The Amazing Spider-Man was always a comicbook that matured with – or perhaps just slightly ahead of – its fan-base and this sixth exceptionally economical monochrome volume of chronological web-spinning adventures sees the World’s Most Misunderstood Hero through one of the most traumatic periods of his career.

By the time of these tales Stan Lee had replaced himself with young science fiction author Gerry Conway and the scripts acquired a more contemporary tone (which of course often feels quite outdated from here in the 21st century, Man!) which were purportedly more in tune with the times whilst the emphatic use of soap opera subplots kept older readers glued to the series even when the bombastic battle sequences didn’t.

Moreover, as a sign of the times a hint of cynical surrealism also began creeping in…

Thematically, there’s a decline in the use of old-fashioned gangsterism and a growing dependence on outlandish villains. The balance of costumed super-antagonists with thugs, hoods and mob-bosses, was gradually ending and soon the global resurgence of interest in supernatural stories would result in more monsters and uncanny happenings…

Nevertheless the Wallcrawler was still indisputably mainstream comics’ voice of youth and he defined being a teenager for young readers of the 1970s, tackling incredible hardships, fantastic foes and the most pedestrian and debilitating of frustrations.

High School nerd Peter Parker had grown up and gone to college. Because of his guilt-fuelled double-life he struggled there too, developed a stress ulcer but found true love with policeman’s daughter Gwen Stacy…

This volume, collectively spanning October 1972-October 1974, reprints Amazing Spider-Man #114-137 and includes team-up tales from Giant-Size Super-Heroes #1 and Giant-Size Spider-Man #1 and 2, opening here with the next chapter in a long-running duel for control of New York’s underworld in ‘Gang War, Schmang War! What I Want to know is … Who the Heck is Hammerhead?’ by Conway, John Romita Sr., Tony Mortellaro & Jim Starlin, from #114.

Our angst-ridden arachnid is trapped between the battling mobs of 1930s movie gangster pastiche Hammerhead and archenemy Dr.

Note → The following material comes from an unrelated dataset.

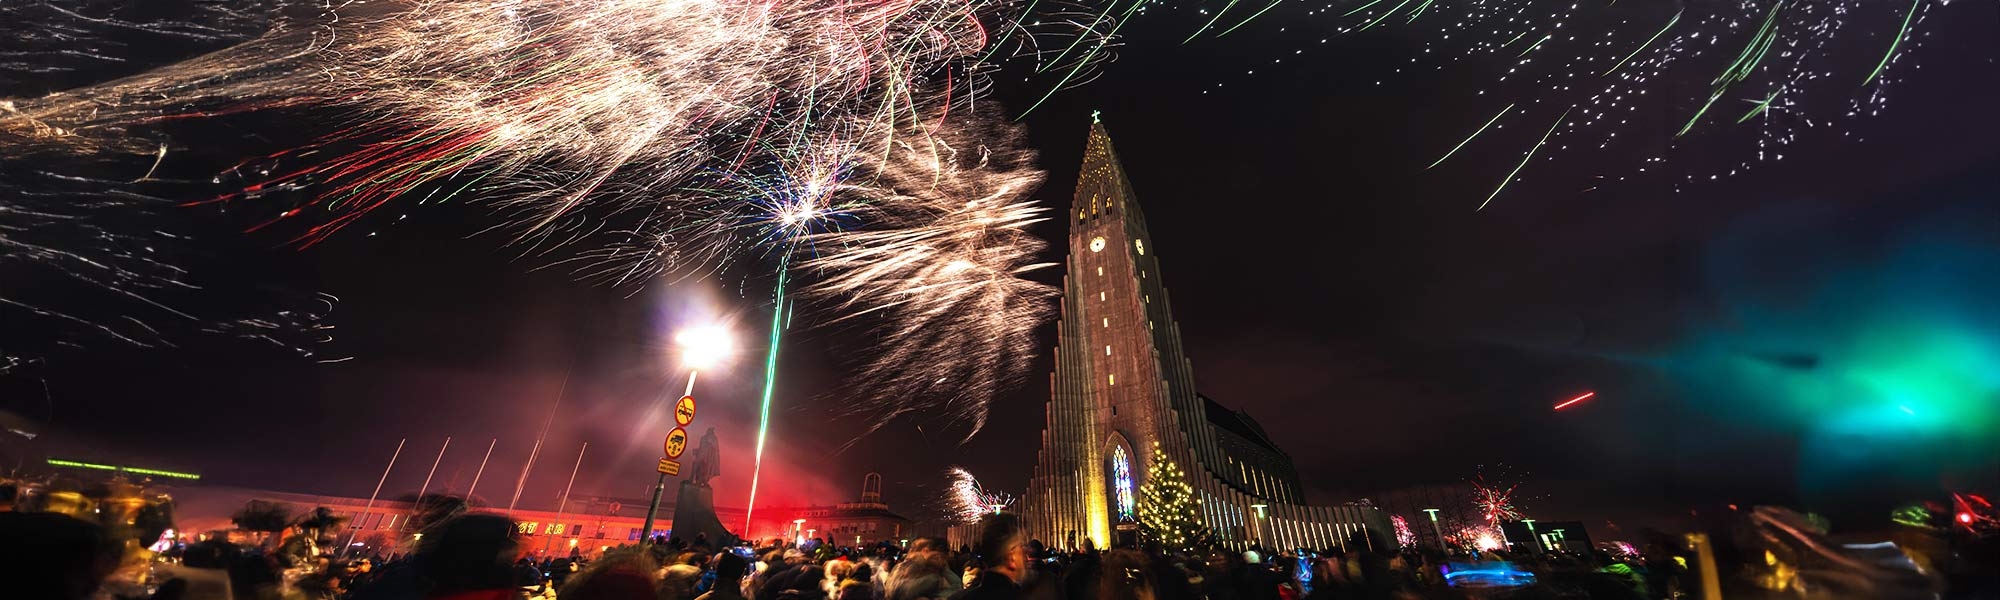 New Year's Eve in Iceland
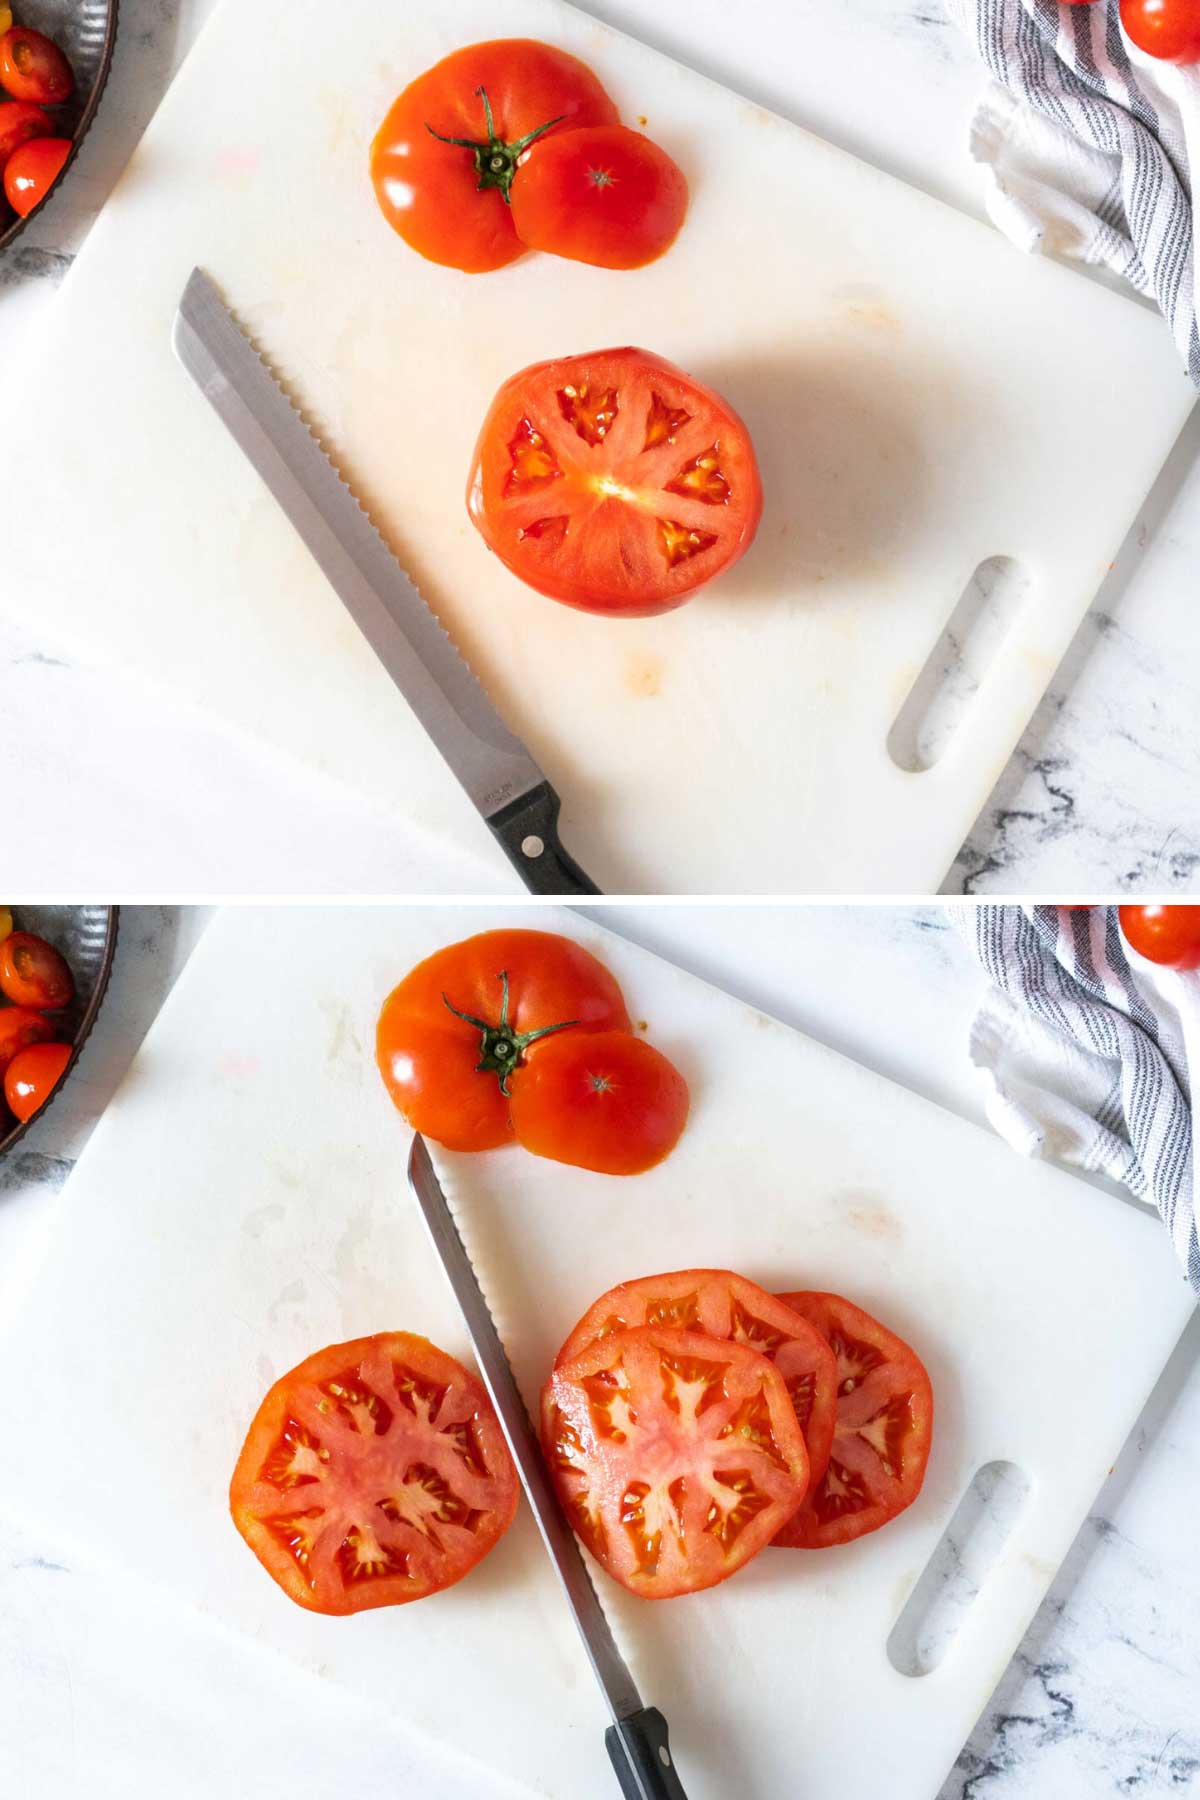 Slicing tomatoes with a bread knife.

Octopus; each seeking to dominate the Big Apple’s underworld.

In the melee Spidey is captured by the brutally ruthless newcomer and learns from the boastful braggart how an ordinary amnesiac gunsel was rebuilt into an unstoppable cyborg by a rogue scientist named Jonas Harrow.

Seconds from death, Spider-Man is driven to risk everything on a wild escape bid after he overhears that Ock is meeting up with an old lady and fears that his beloved, befuddled Aunt May is once more sheltering the many-armed menace…

Dashing across town, he breaks in to Ock’s HQ only to be brained with a vase by the terrified May. Moments behind him are Hammerhead’s goons and all too soon ‘The Last Battle!’ (art by Romita Sr. & Mortellaro) is underway. As the mobsters decimate each other, Spider-Man barely escapes being shot by his own aunt and is more than happy to disappear when the police show up to arrest (almost) everybody.

In the aftermath, however, May astounds everybody by revealing that she will be staying in Octopus’ Westchester mansion until he is released…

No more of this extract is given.